Herzlich Willkommen in Schottland. Es gibt Leute, die reden über Schottland als ein Teil Grossbritanniens wie über Schaffhausen als Teil der Schweiz. Diese Menschen kennen weder Schottland, noch die Schotten.

Die Schotten sehen sich als eigenes Volk und immer mehr zeigt sich das auch im politischen Alltag Schottlands. So haben sie zum Beispiel im Jahr meiner Schottlandreise über ein wichtiges Referendum ihr eigenes Parlament gewählt, das auch über Steuergelder verfügen kann. Eine eigene Fussballmannschaft haben die Schotten ja schon lange.


Westlich von Inverness, bei Achnasheen 

Die zwei faszinierendsten Gegenden Schottlands sind die Highlands und die geschichtsträchtige Stadt Edinburgh (auf Schottisch "Edinb'rra" ausgesprochen).
Unter den Highlands versteht man das Gebiet zwischen Perth und Inverness, in dem es nicht viel mehr gibt als die Eisenbahnstrecke von Perth nach Inverness (eine kleine Übertreibung...).
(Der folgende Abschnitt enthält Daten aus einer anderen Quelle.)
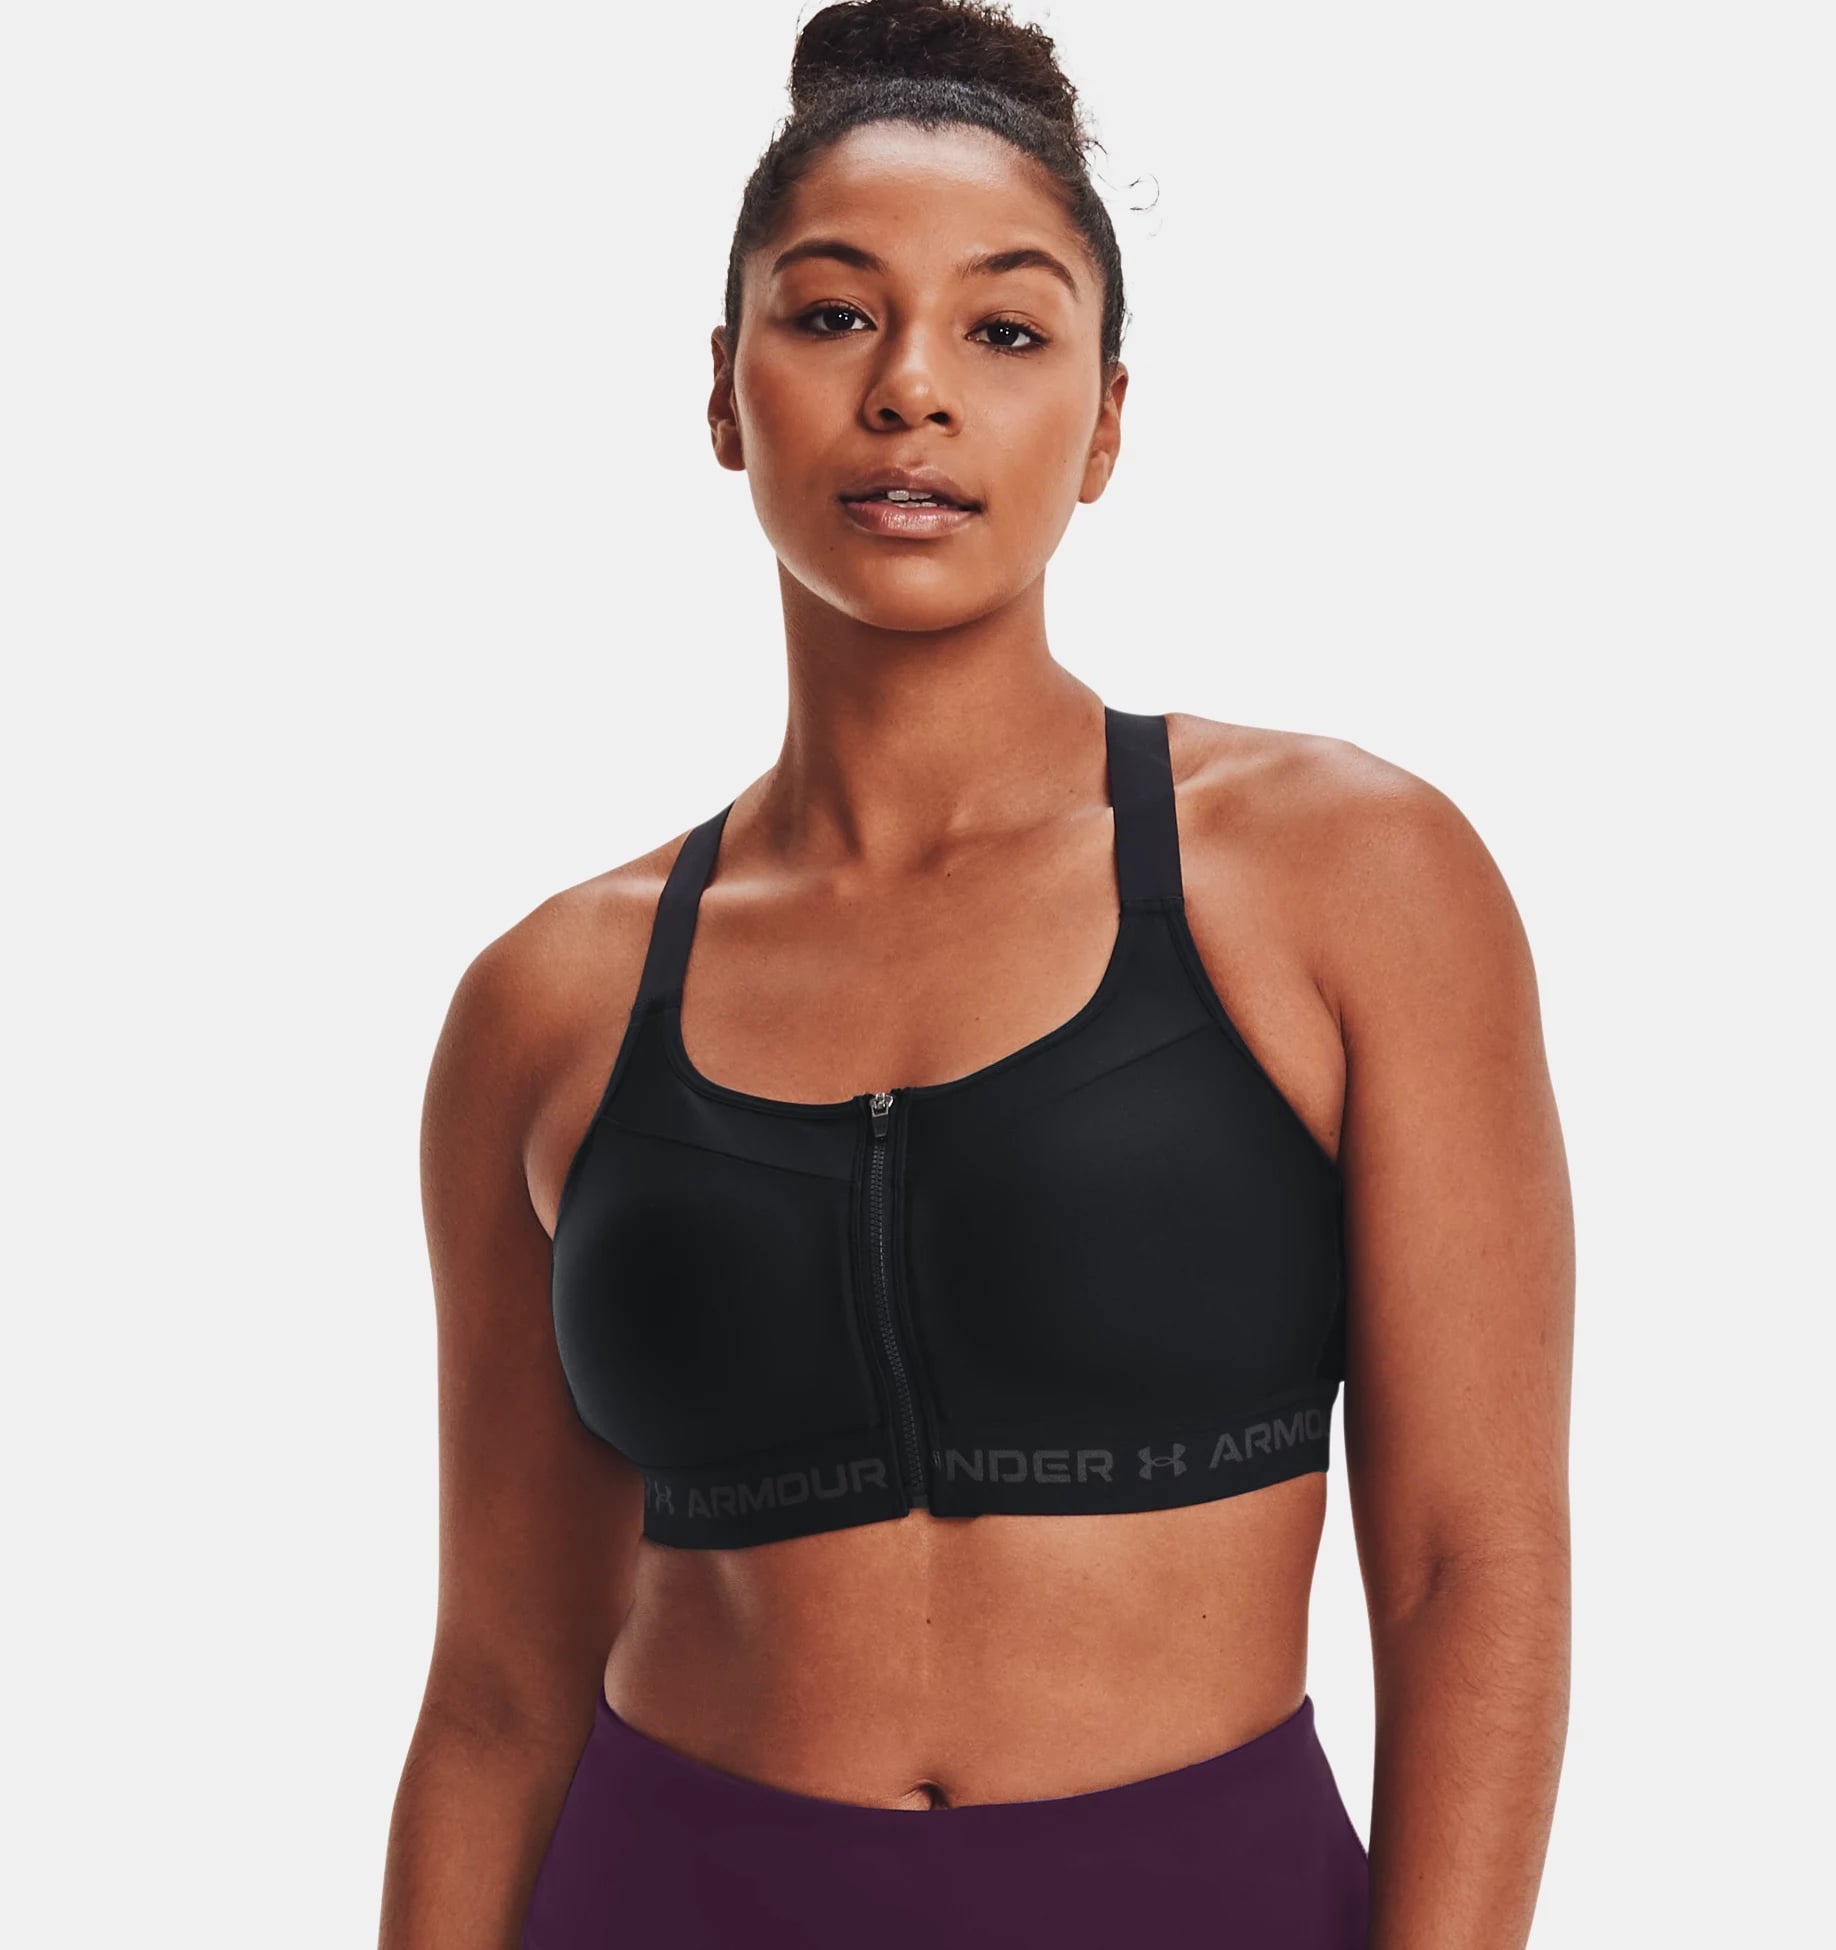 NiGHT LiONS TECH Sports Bras for Women Racerback Wireless Seamless Front Close Yoga Gym Workout Bra with Zipper 
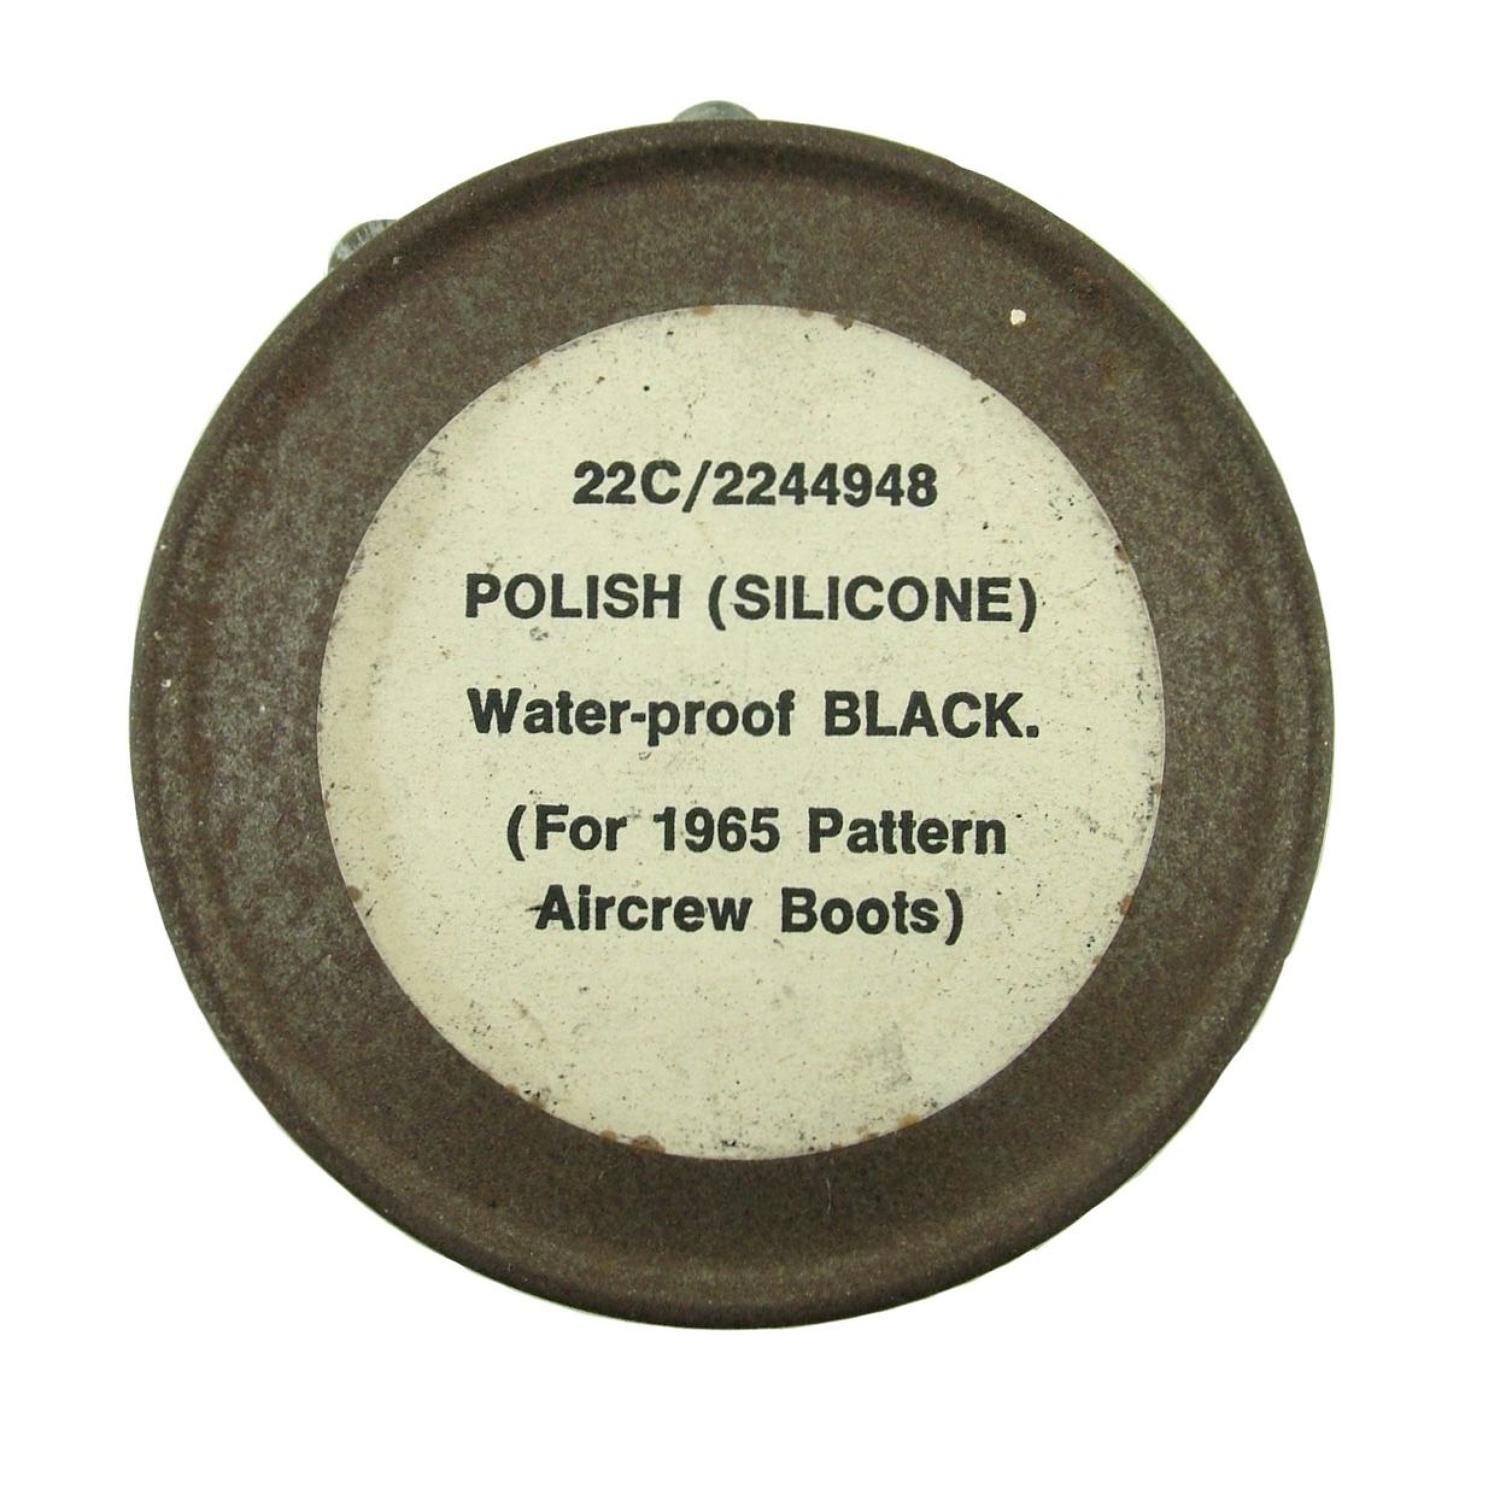 RAF 1965 pattern boot polish

Natürlich trifft man in dieser Gegend auf viele der berühmten schottischen Whisky-Destillerien, die dem Whisky den Namen "Scotch" geben. Übrigens darf nur Whisky aus Schottland, der mehr als 8 Jahre gelagert wurde, diesen Namen tragen.
Ebenfalls antreffen kannst du in Schottland die weissen määhenden Wollknäuel, Sheeps genannt. Diesen Schafen wirst du garantiert nie aus dem Weg gehen können, sie sind überall. Und vermutlich wirst du Schottland auch nicht ohne einen gestrickten Wollpullover verlassen. In beinahe jedem Ort Schottlands (und etwas seltener auch in England) findest du eine Filiale der "Edinburgh Whoolen Mill", einer Kette, die sich auf qualitativ hochstehende Wollprodukte spezialisiert hat (soviel zur Werbung...)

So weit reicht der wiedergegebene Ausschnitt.